Building resilient and automated detection capabilities requires a detailed understanding of attackers and their known or expected behavior. By thinking like an attacker, understanding the different techniques and procedures used by attackers and what indicators can be extracted, better detection capabilities can be developed.
This process is called Detection Engineering and it is a crucial aspect to be truly effective at discovering attackers in your network.
Our training focuses on the entire methodology of the detection engineering cycle. We guide participants in defining a scope, researching the relevant (sub-)techniques, building the detection analytic, investigating which logs can be utilized, and validating the resilience of the analytic against evasion. Maintenance, testing and improvement is part of proper engineering as well as documentation. What to do when an alert triggers is as important to describe as what you are trying to detect in the first place.
Interactive training
The training is highly interactive and retains a good balance between theory and a lot of hands-on exercises, in which the students execute all attacks themselves in a dedicated lab environment.
These exercises are extensively documented in our lab guide and provide the option to get hints and (partial) solutions where needed. This allows the students to get familiar with the detection engineering methodology and prepare them to start implementing this practice at their organizations.
In the training we mix theory, discussion and lots of hands-on exercises in our training lab. Students will receive:
- Reference materials.
- Training slides.
- Step-by-step digital lab guide.
- Access to their own lab environment.
- All tools and scripts used in the training.
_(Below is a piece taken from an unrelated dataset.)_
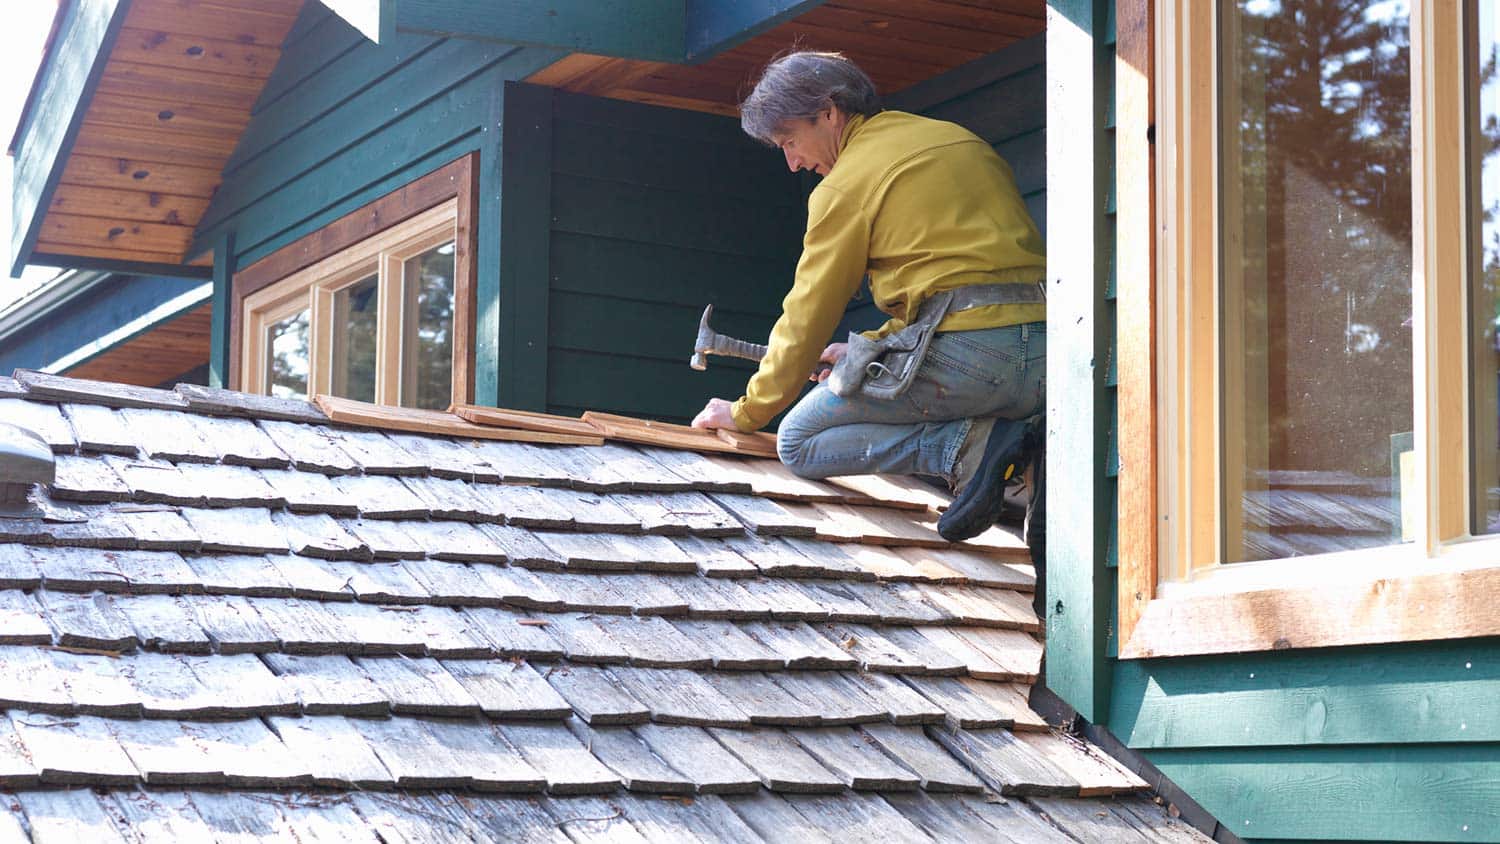 What Tools Do You Need to Fix Your Roof?
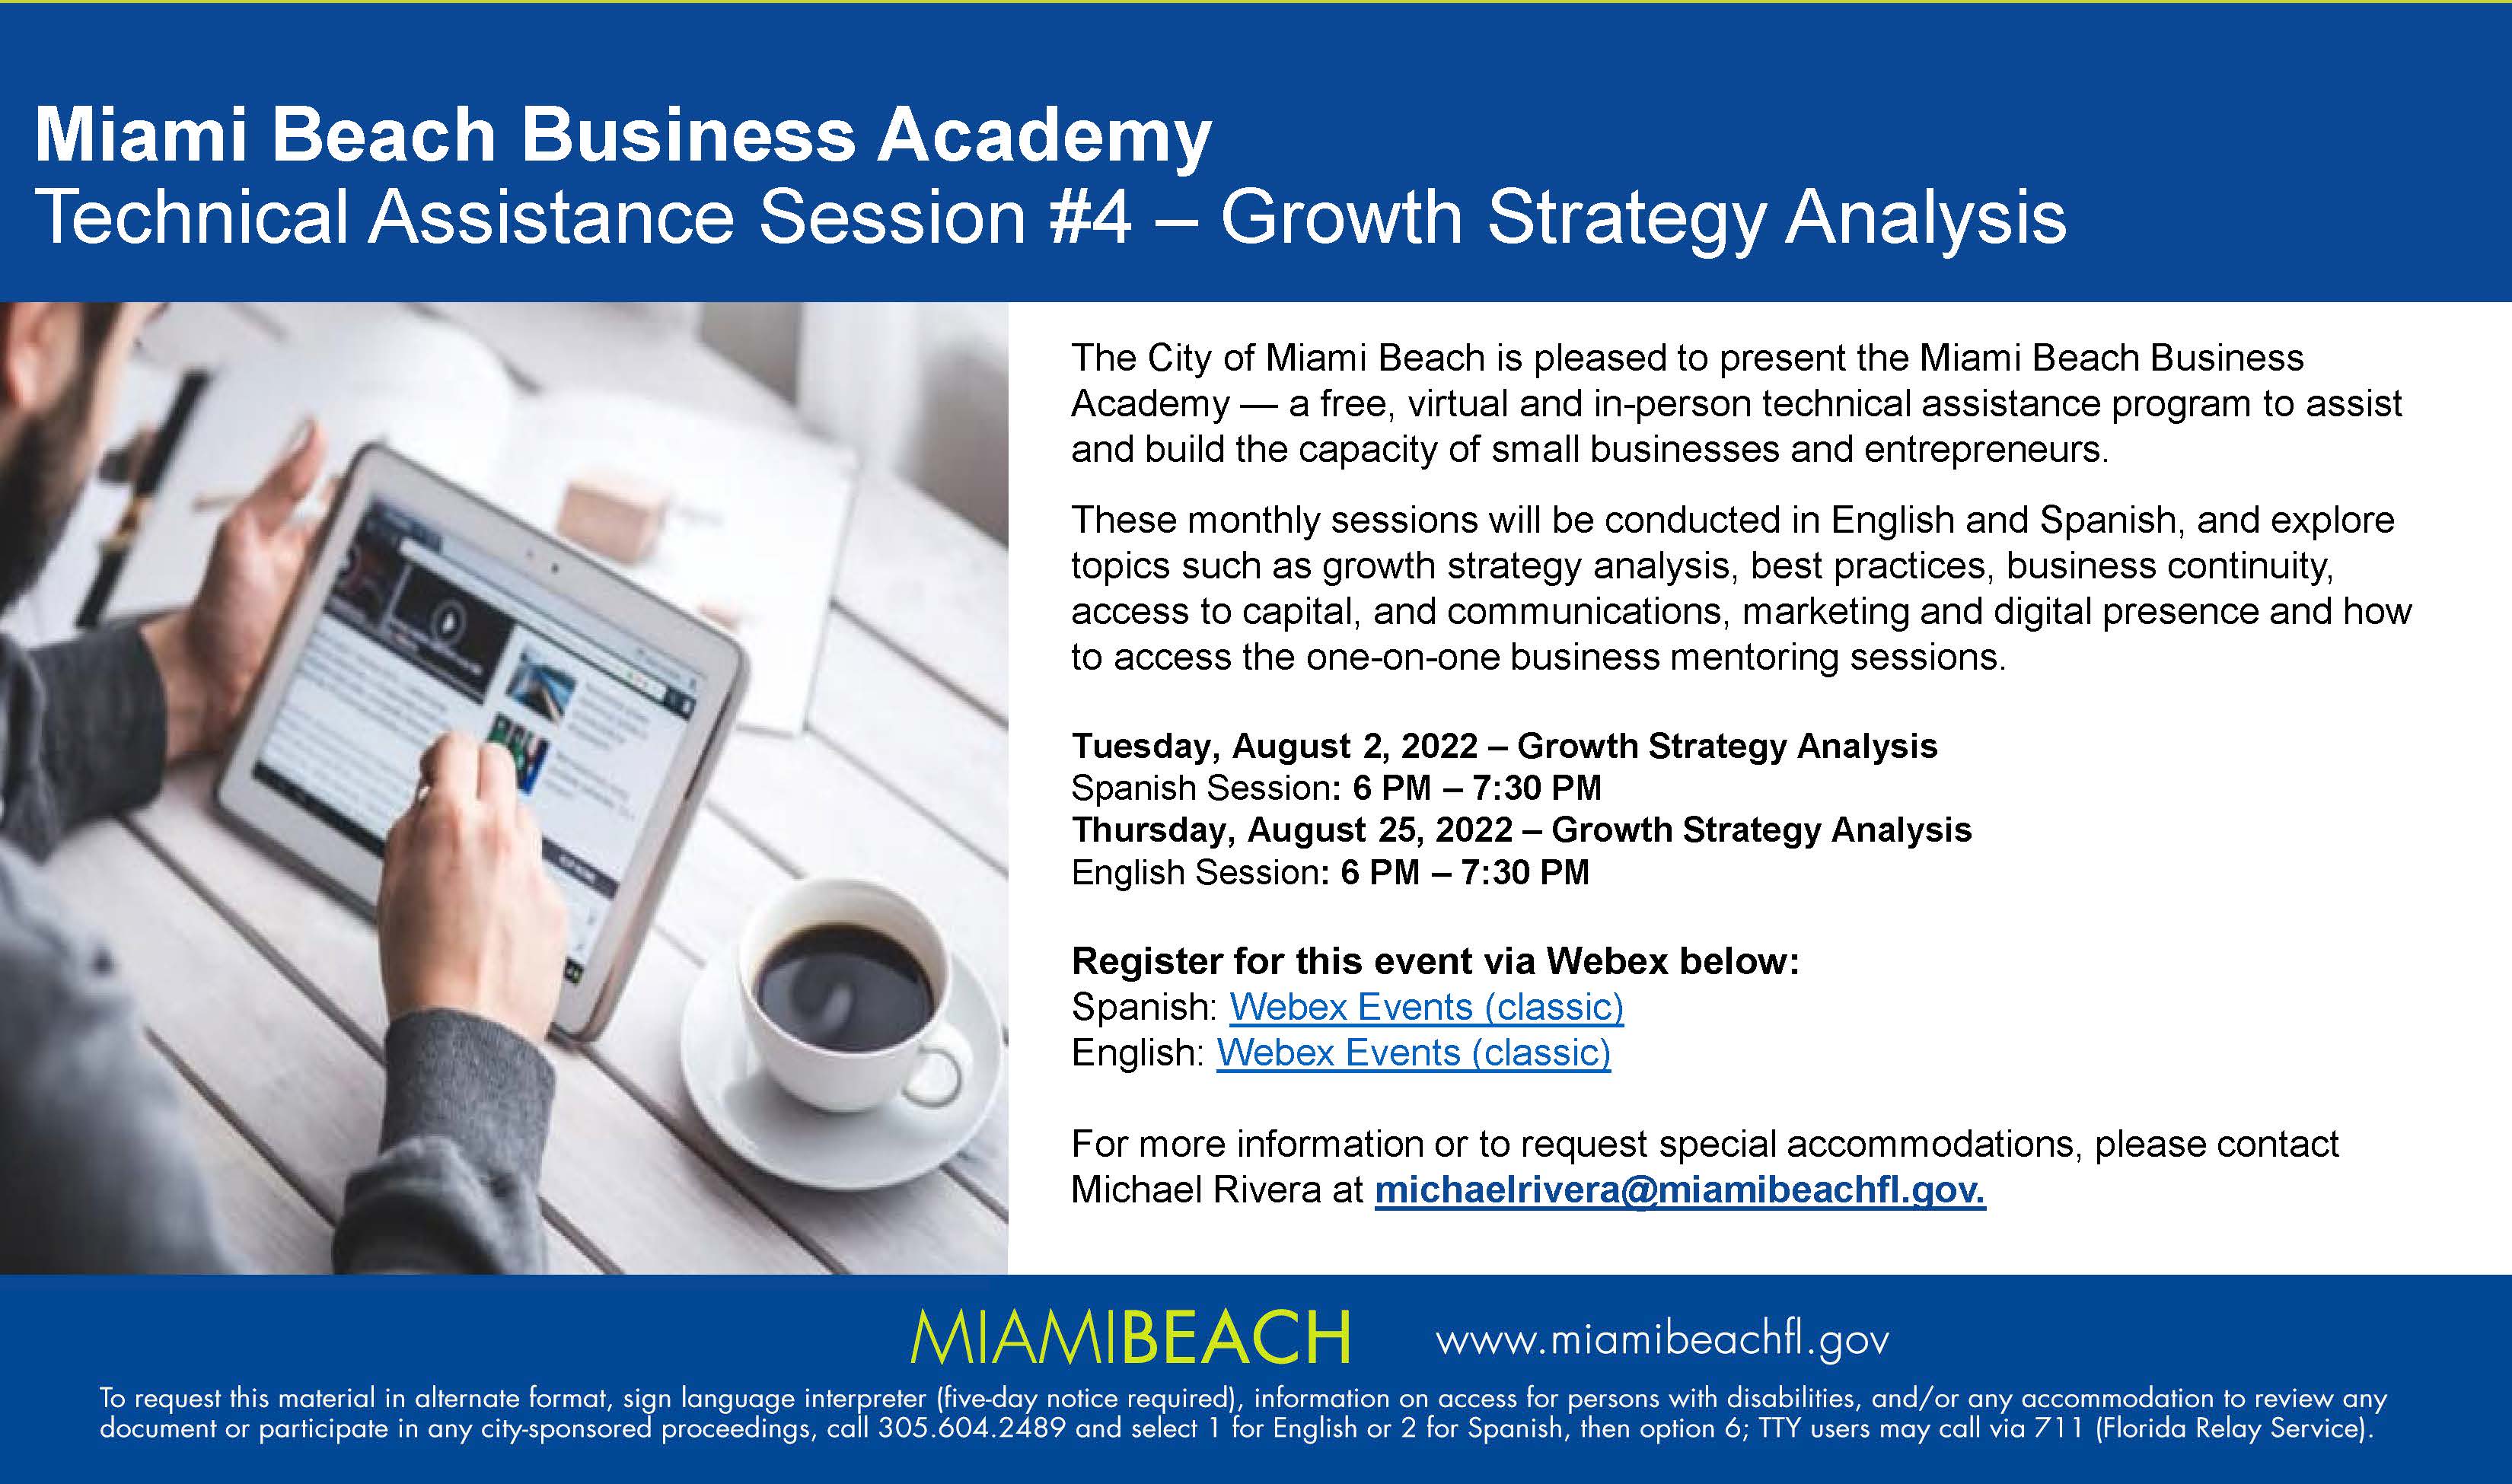 Miami Beach Business Academy Technical Assistance Session #4 (English)

The following topics will be covered in the training:
Detection Engineering Methodology
- Introduction
- Detection Engineering principles
- Testing, Maintenance and Improvement
- Automation
Endpoint
- Initial Access
- Command and Control use and detection
- Credential Dumping
- Lateral Movement
Active Directory and server-side attacks
- Kerberos attacks
- Active Directory Certificate Services (ADCS)
Cloud Infrastructure
- Microsoft Entra ID (f.k.a. Azure Active Directory) abuse and misconfigurations
- Azure KeyVault and Storage Accounts
- Azure Virtual Machine attacks
The training covers a full, realistic attacker scenario in an enterprise environment: from the endpoint, through the Active Directory and into the cloud environment.
FalconForce successfully facilitated this training at both well-known security conferences, such as Black Hat US, as well as at various private organizations in different sectors.